= Hammer Bowling =

American bowling equipment manufacturer

Hammer Bowling is a company involved in the manufacture and sale of bowling balls and bowling-related products and accessories.

==History==

=== Faball Era ===
Hammer begins as a ball line from Faball Enterprises and early 80's urethane ball called the Hammer, not as a company originally named the Hammer Bowling Company. Faball Enterprises was founded in 1978 by Johnny Wonders and Earl Widman. In 81 they developed a ball called the Hammer because of its strong striking power. This ball sparked the launch of the Hammer identity.

The original Hammer bowling ball arrived during a major period of technical advancement in bowling. The recently created Urethane coverstock allowed bowlers a newer and stronger reaction down the lane compared to older materials. It could create more friction and stronger pin action thanks to the greater control it gave.

The first Hammer logo was also significant as a piece of recognizable branding. Faball included the highly visible claw Hammer logo on the side of the ball. Sources credit Hammer as the first brand to have a visible logo on the ball's side. This made the Hammer more recognizable on PBA television appearances and a more memorable brand.

=== Technical Legacy ===
Hammer's early reputation was built on Urethane technology. Sources often credit Hammer as the first two-piece urethane bowling ball, a development that established Hammer as more than just a novelty brand.

Released in 1997, the 3D Offset was the first asymmetric core bowling ball on the market.

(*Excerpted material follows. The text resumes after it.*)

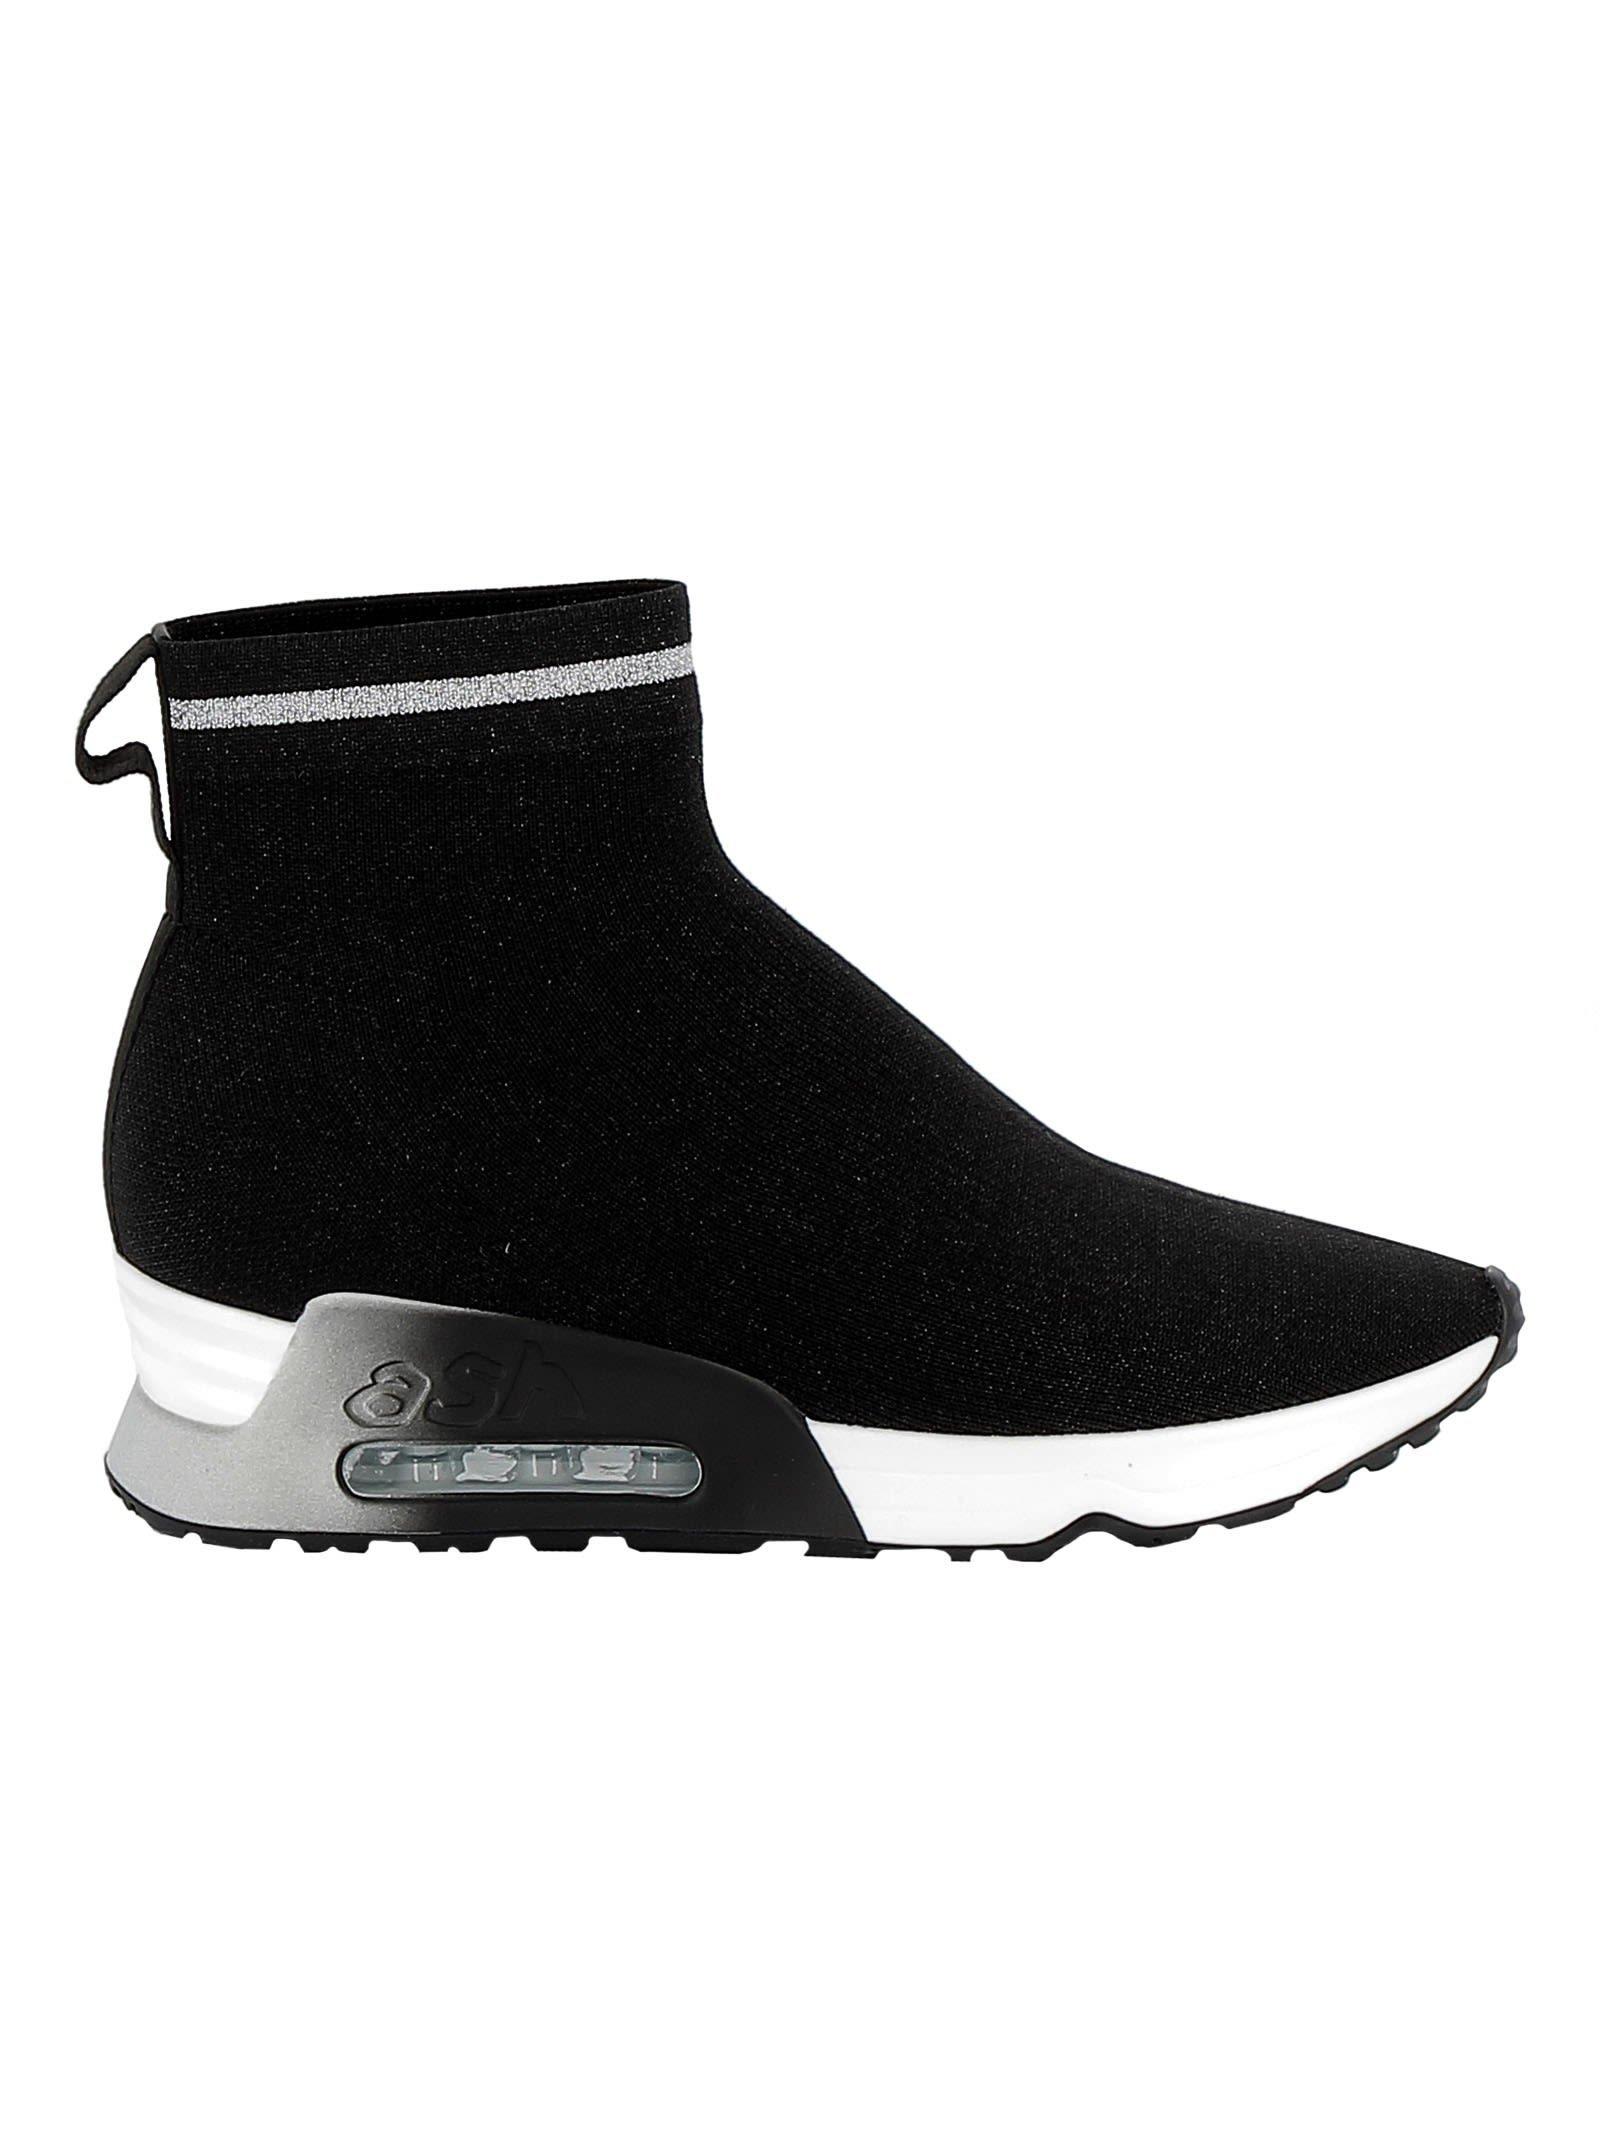 Ash Black/silver Fabric Hi Top Sneakers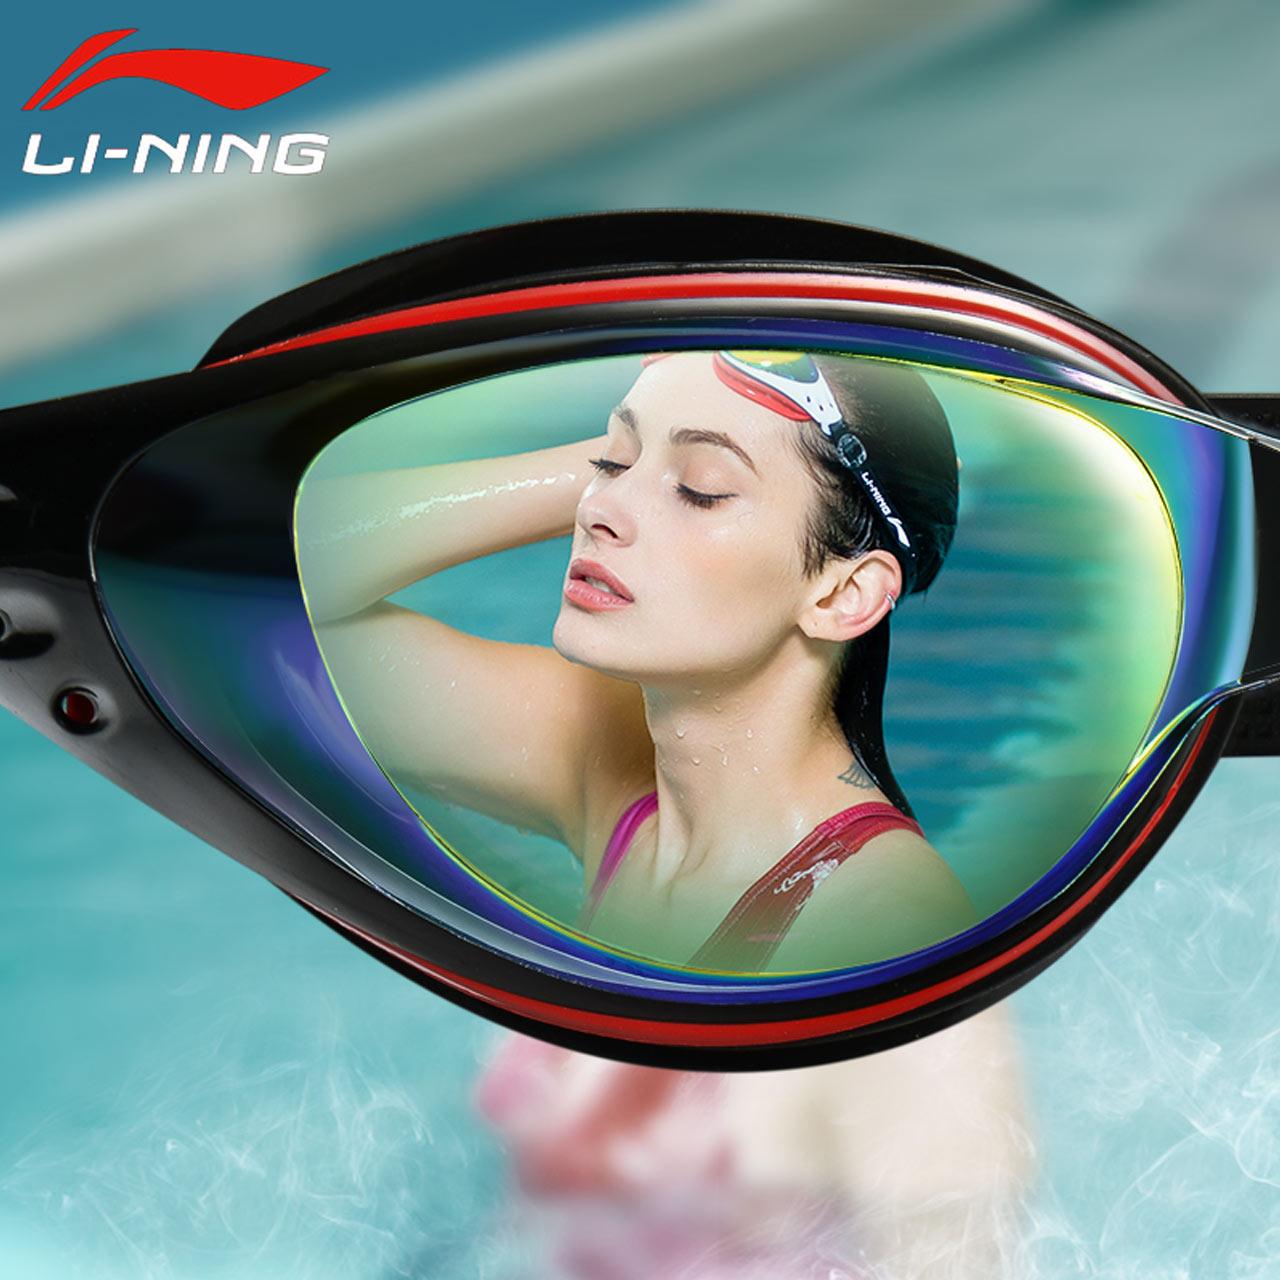 李宁泳镜泳帽套装男防水防雾高清近视游泳眼镜女专业成人潜水装备

This allowed for more ball flare and a more dynamic lane shape than balls released before. This asymmetric idea continued through Hammer's history, even to today.

=== From Faball to Ebonite ===
In 1996, Faball Enterprises licensed the Hammer name to Faball USA. Faball USA managed the brand until February 8, 2002, when Ebonite International Acquired Hammer.

Under Ebonite International, Hammer became on of several major bowling equipment brands. Its products were manufactured at Ebonite's facility in Hopkinsville, Kentucky, as the brand offered bowling balls across multiple market segments, from entry level to high performance balls.

This ownership period allowed Hammer to move beyond its Urethane identity. The company continues to benefit from its urethane sales, but now produces reactive and hybrid balls meant for modern-day conditions and competitive players.

=== The Introduction of the Black Widow ===
In June of 2006, Hammer blew up the market with the release of its newest bowling ball, the Black Widow. The original Black Widow used a newly created asymmetrical core called the "Gas Mask" core. It became the company's signature high performance ball line.

The Black Widow line featured a red and black spider logo. Hammer also promoted the balls for their hook potential and pin action.

By 2024, 22 Black Widow balls were released in the United States, along with additional overseas-exclusive releases.

=== The Purple Hammer and Return of Urethane ===
Despite newfound success in reactive balls, Hammer never gave up on creating Urethane bowling balls. The most important modern urethane product from Hammer is often considered the Purple Hammer, which allowed for a smoother, more controlled reaction on challenging lane conditions.

The Purple Hammer also became the subject of a major USBC equipment controversy in 2022. The USBC investigated a set of Purple Hammer balls made at the Hopkinsville plant from 2016-2017. These balls appeared to have been produces below the minimum hardness of 72D.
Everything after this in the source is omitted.